WHAT YOU WILL DO:
What you write should be an exact repeat of the lines from the one with "Bag for Wheelchair" through the final line below, minus the pictures.

::: SOURCE MATERIAL

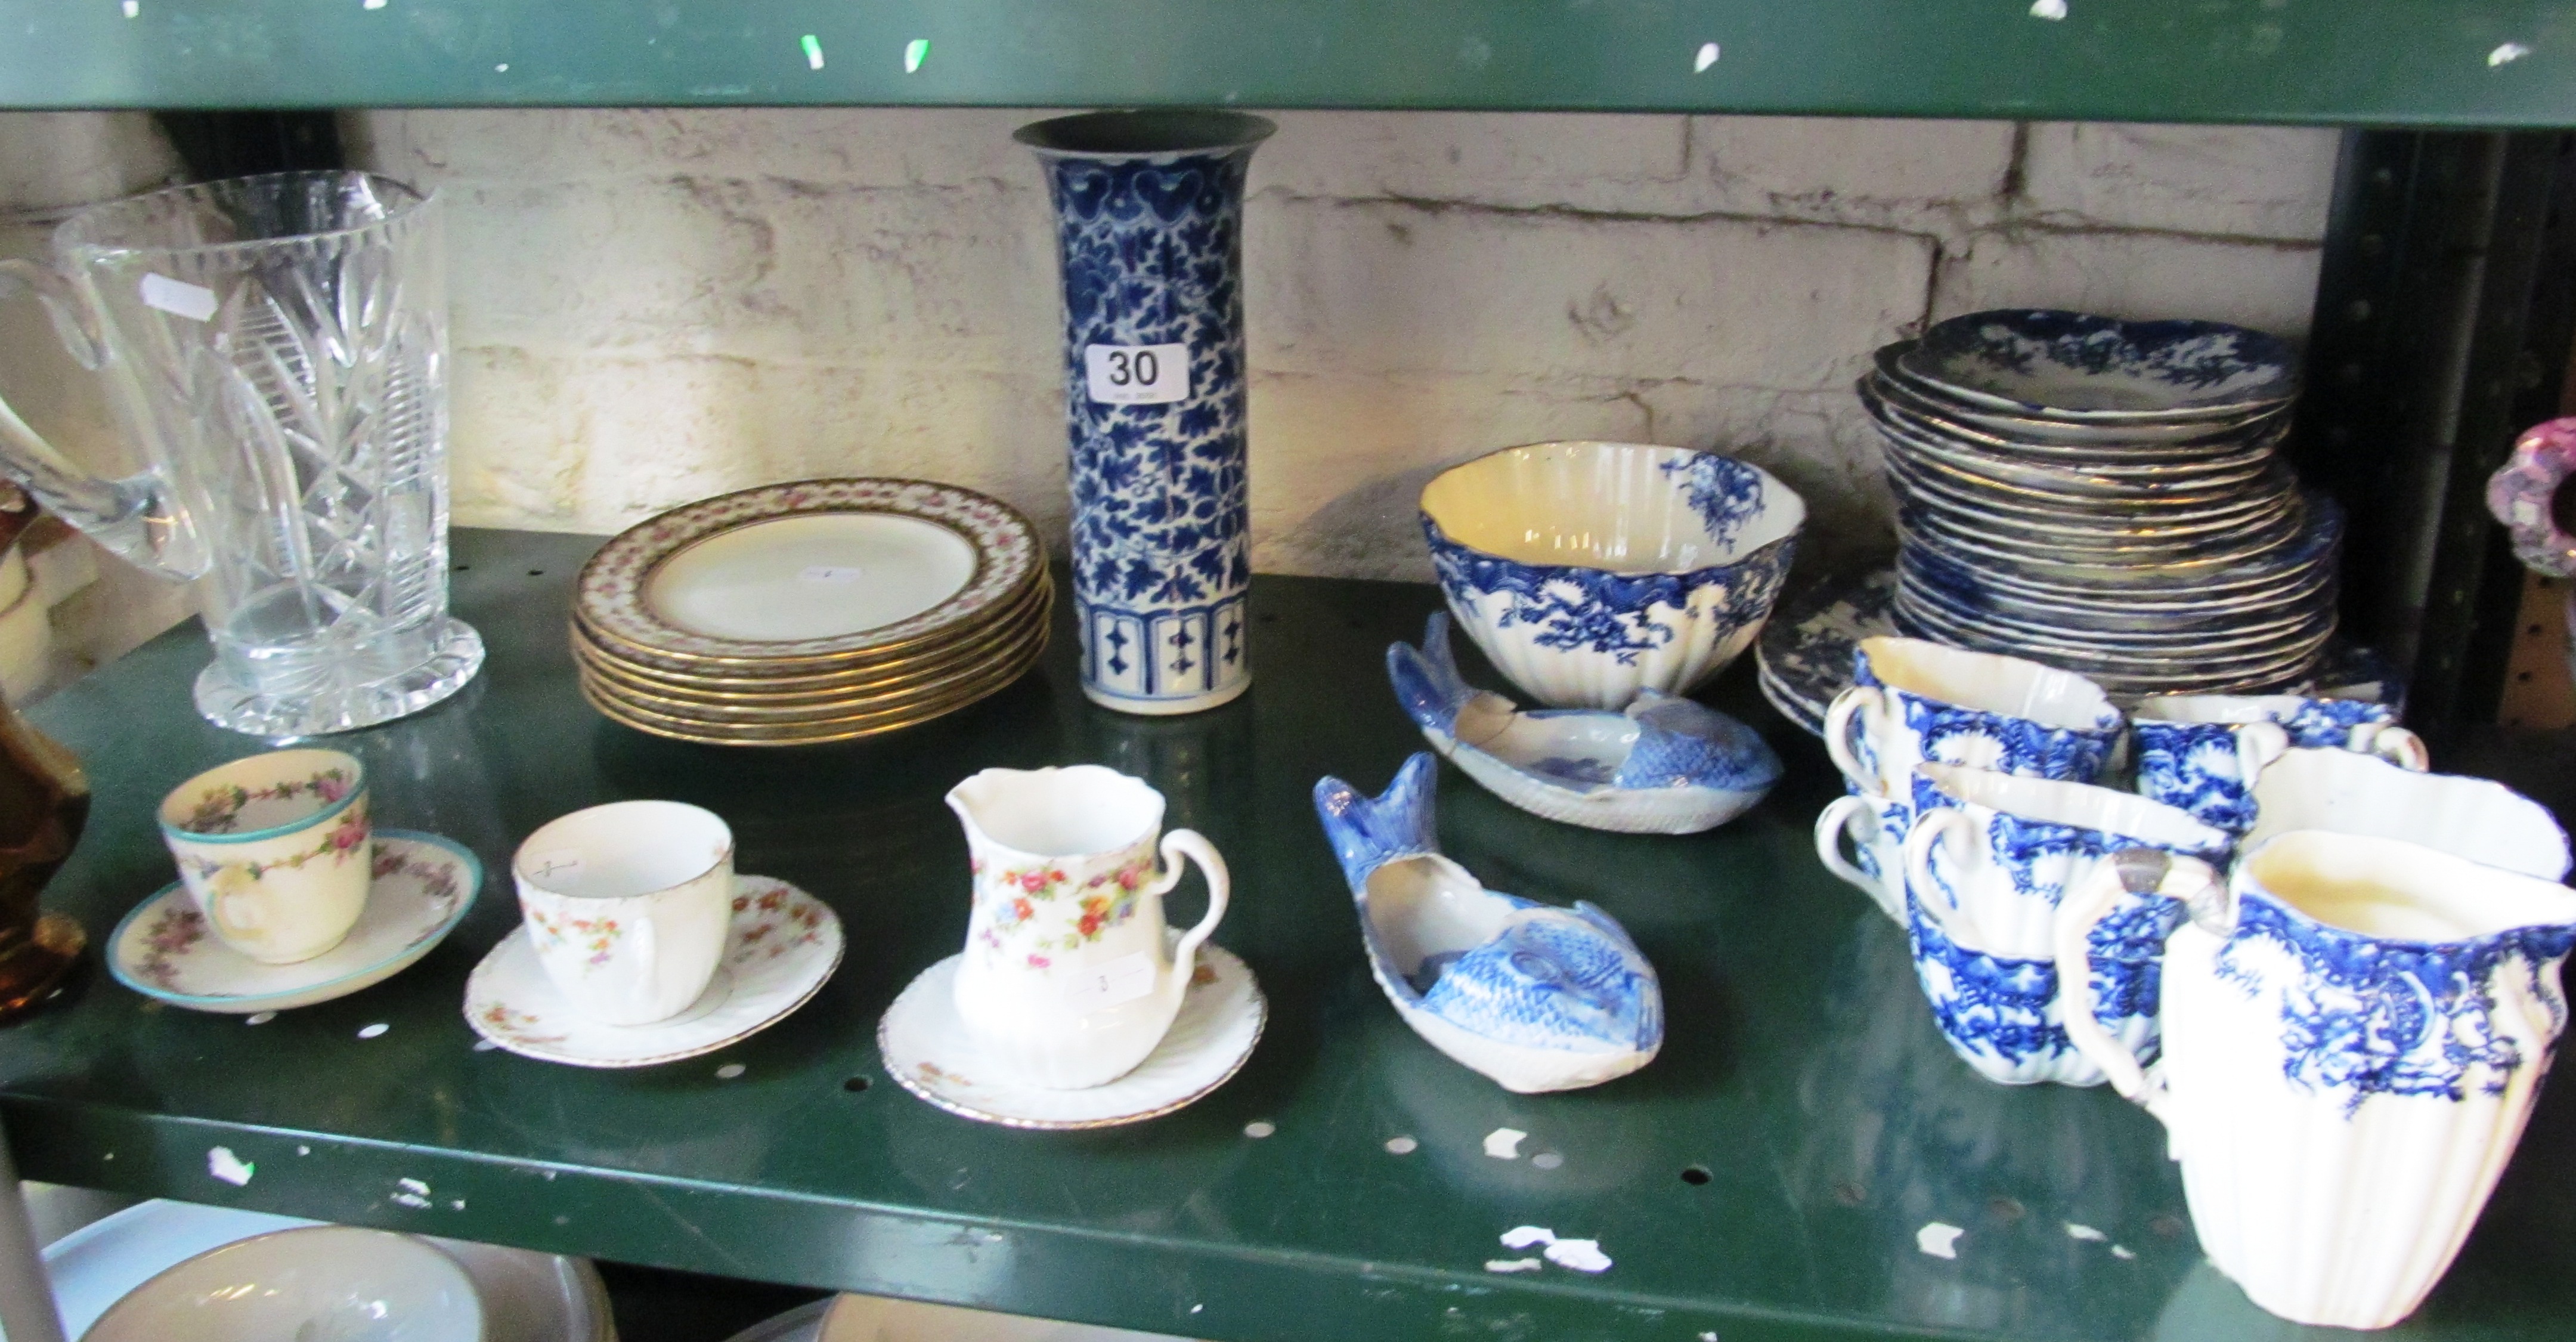 Six Cauldron plates, a glass jug and other china
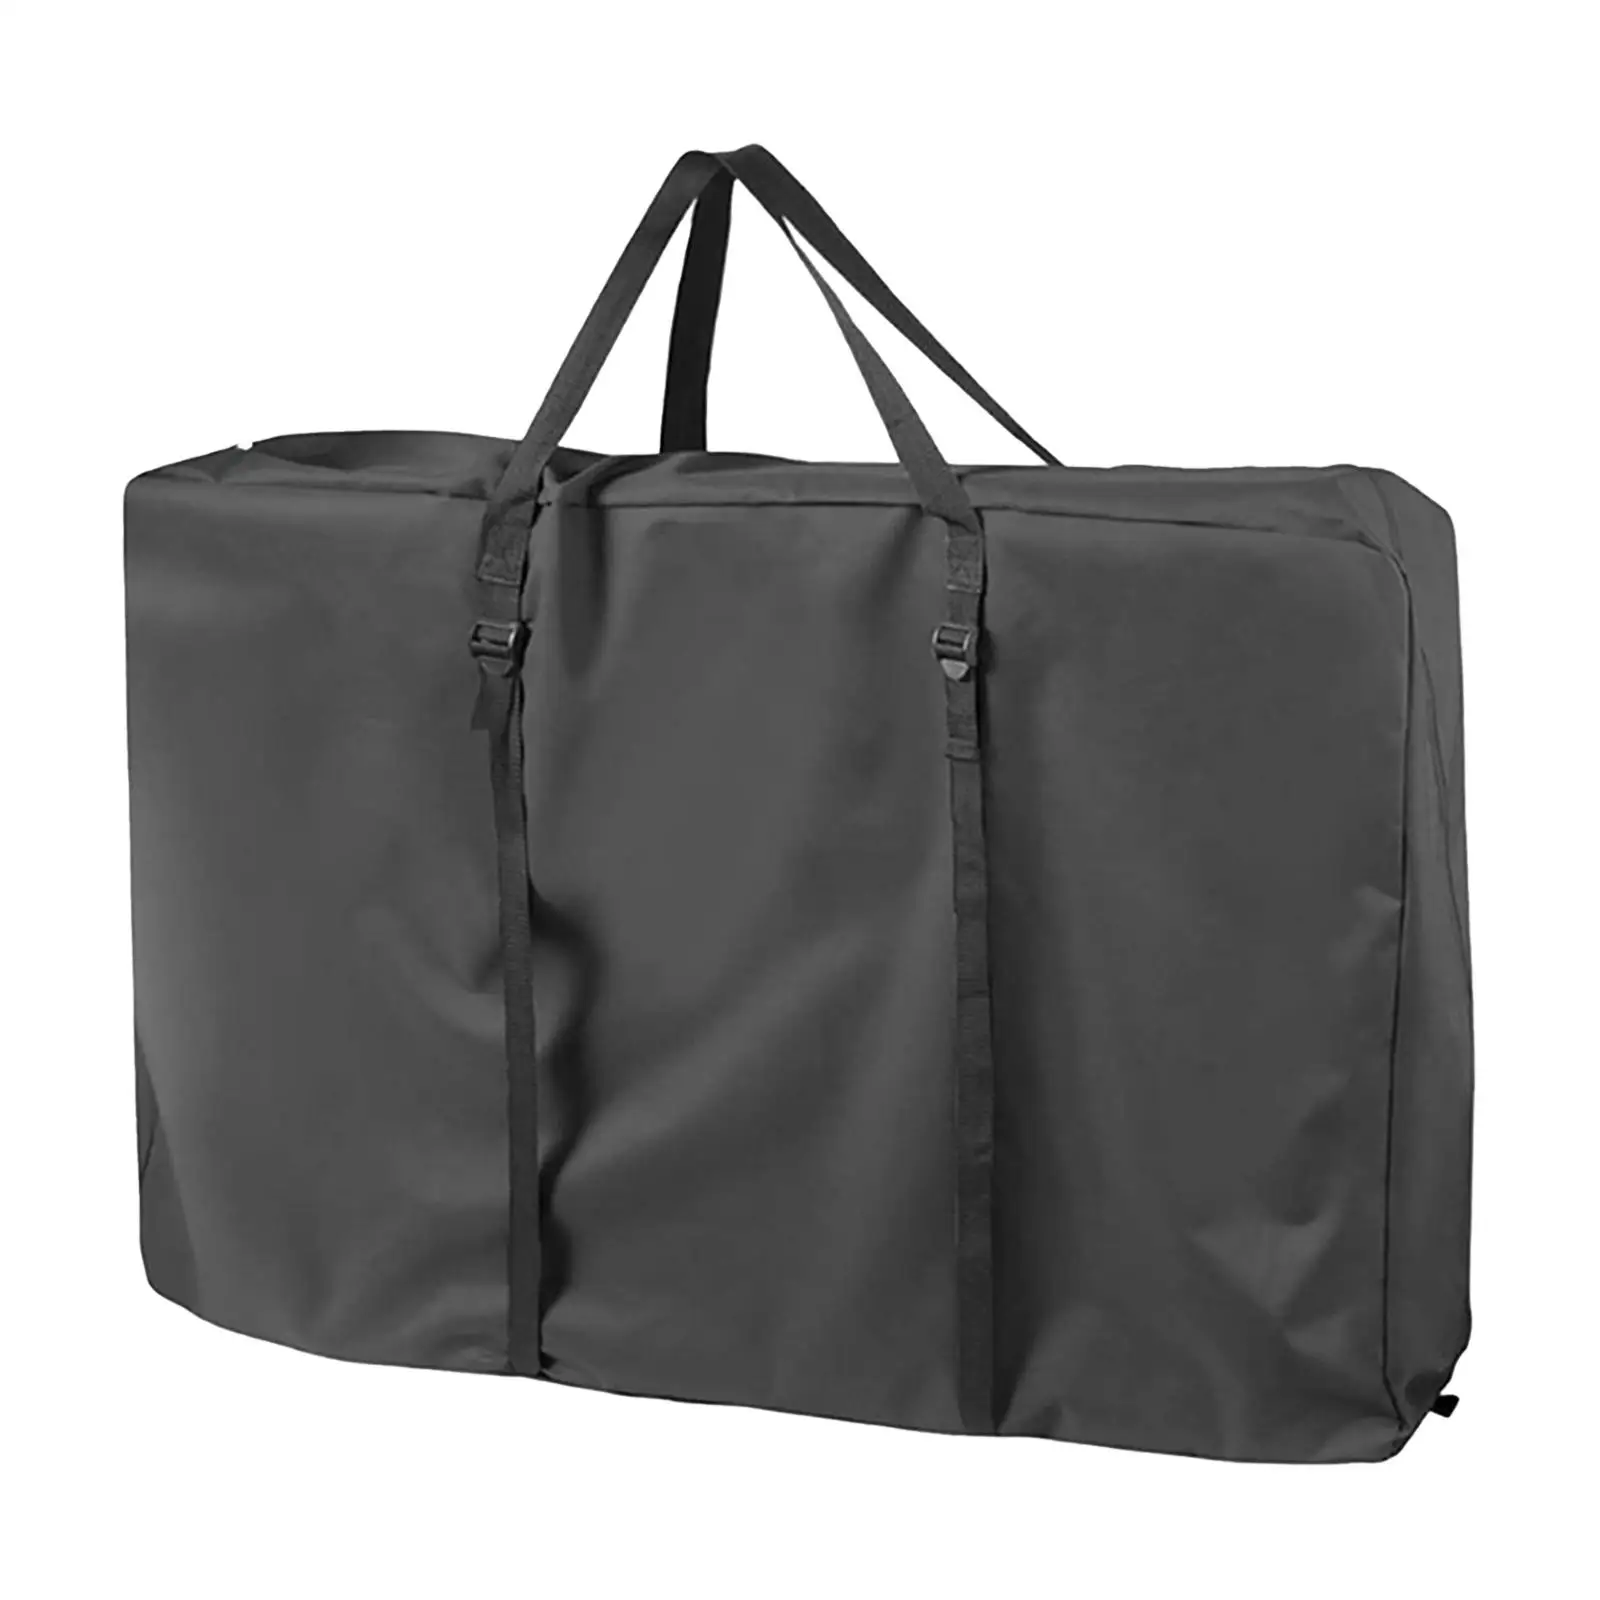 Bag for Wheelchair Travel Organizer Gym Fitness for Transport Bag for Folding Chair Luggage Portable Bike Travel Bag
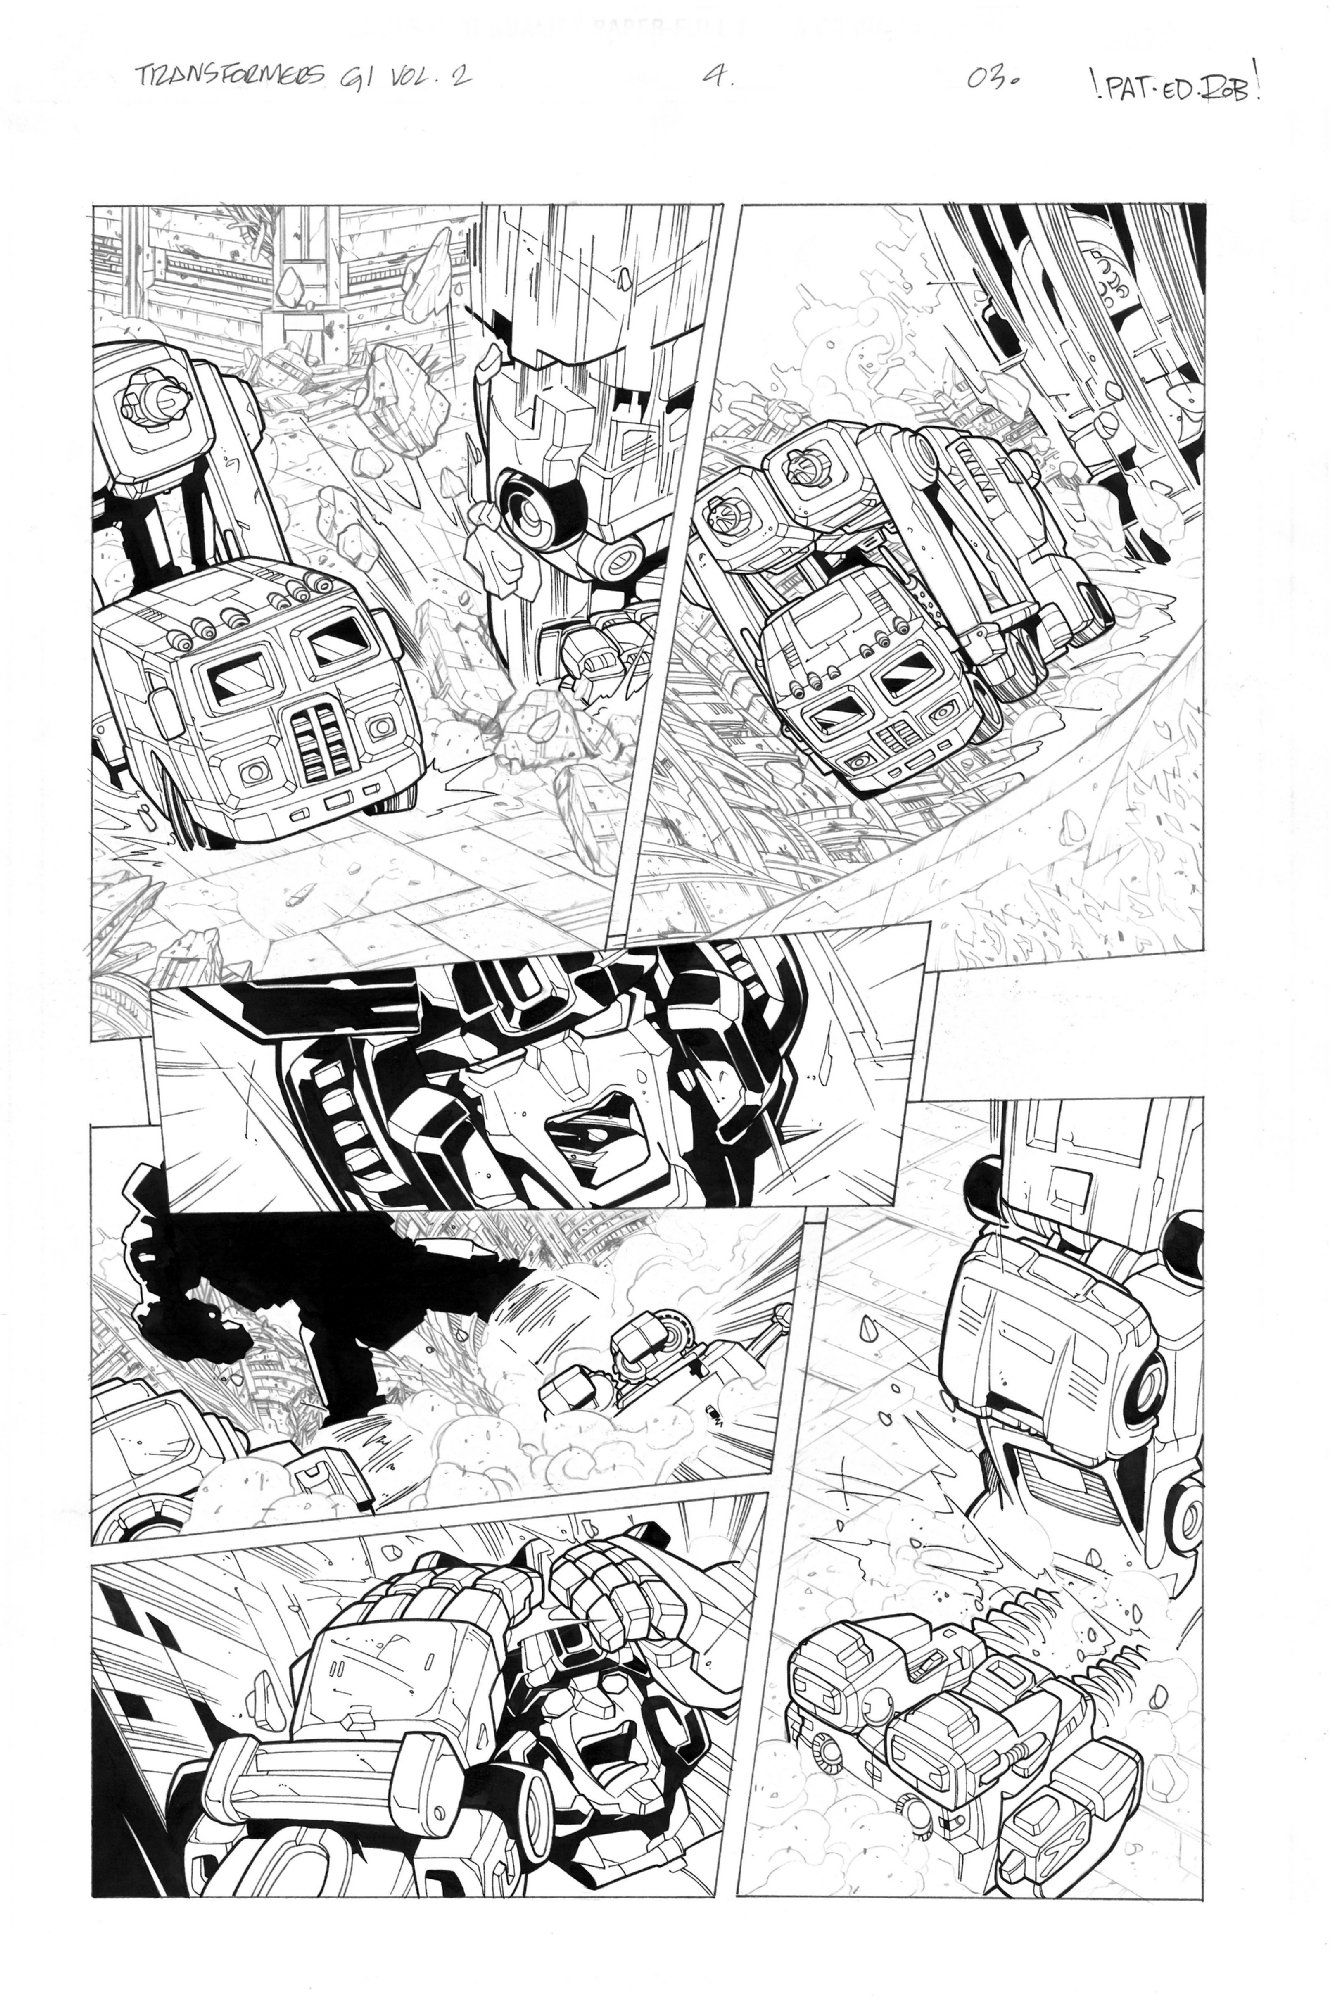 Transformers Generation One Vol 2 4 P3 In Derek Crabbes Transformers Comic Art Gallery Room

::::::

OUTPUT FOR THIS EXERCISE:
 Bag for Wheelchair Travel Organizer Gym Fitness for Transport Bag for Folding Chair Luggage Portable Bike Travel Bag
 Transformers Generation One Vol 2 4 P3 In Derek Crabbes Transformers Comic Art Gallery Room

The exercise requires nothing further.